Он засиял в улыбке, сверкнув зубами.
– Старина Цолдрин все еще жив? Буду рад снова его увидеть.
– Тебе придется уговорить его снова надеть рабочую одежду.
Закалве беззаботно махнул рукой.
– Нет проблем, – сказал он и отхлебнул из стакана.
Сма посмотрела, как он пьет, и покачала головой.
– И ты не хочешь узнать зачем, Чераденин? – спросила она.
Он хотел было сделать жест, равнозначный пожатию плечами, и уже дернул рукой, но потом передумал.
– Гмм, ну да. Так зачем, Дизиэт? – вздохнул он.
– На Воэренхуце наметилось противостояние двух групп. Та, которая сейчас взяла верх, собирается взять курс на масштабное приспособление планеты к обитанию людей…
– Что-то вроде, – он рыгнул, – переделки экстерьера планеты?

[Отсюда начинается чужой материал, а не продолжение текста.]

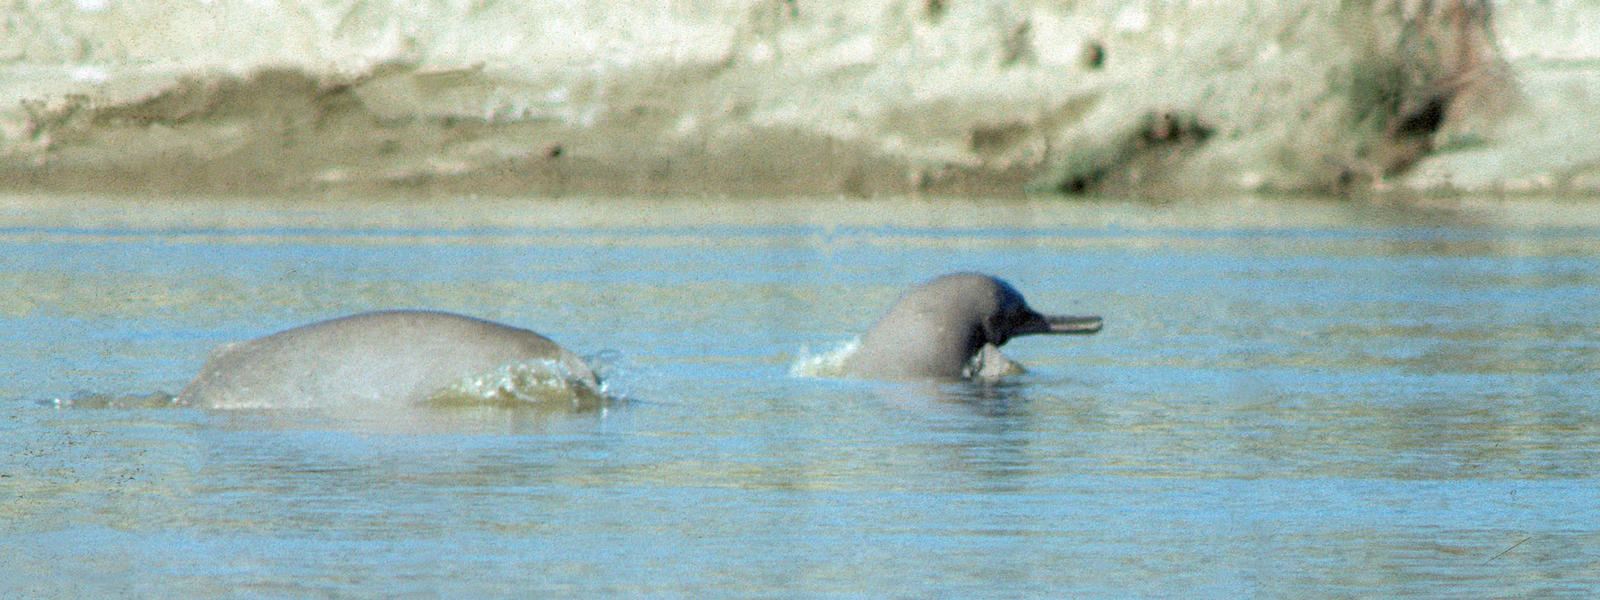 indus river dolphin species wwf

Сма на мгновение закрыла глаза.
– Да, примерно. Называй это как хочешь, но, мягко говоря, это грозит тяжелыми последствиями для экологии. Эти люди – они называют себя Гуманистами – хотят ввести, ко всему прочему, подвижную шкалу прав для разумных существ, что при достаточной военной мощи позволит им захватывать любые миры, населенные мыслящими обитателями. Сейчас там идет несколько локальных конфликтов, и любой может перерасти в большую войну. Гуманисты в какой-то мере поощряют все это, ведь войны вроде бы подтверждают их тезис о том, что Скопление перенаселено и необходимо искать новые планеты, пригодные для обитания.
– А еще, – добавил Скаффен-Амтискав, – они отказываются считать машинный разум полноценным. Тамошние компьютеры пока обладают лишь протосознанием, и эти люди утверждают, что только субъективный человеческий опыт имеет истинную ценность. Органофашисты.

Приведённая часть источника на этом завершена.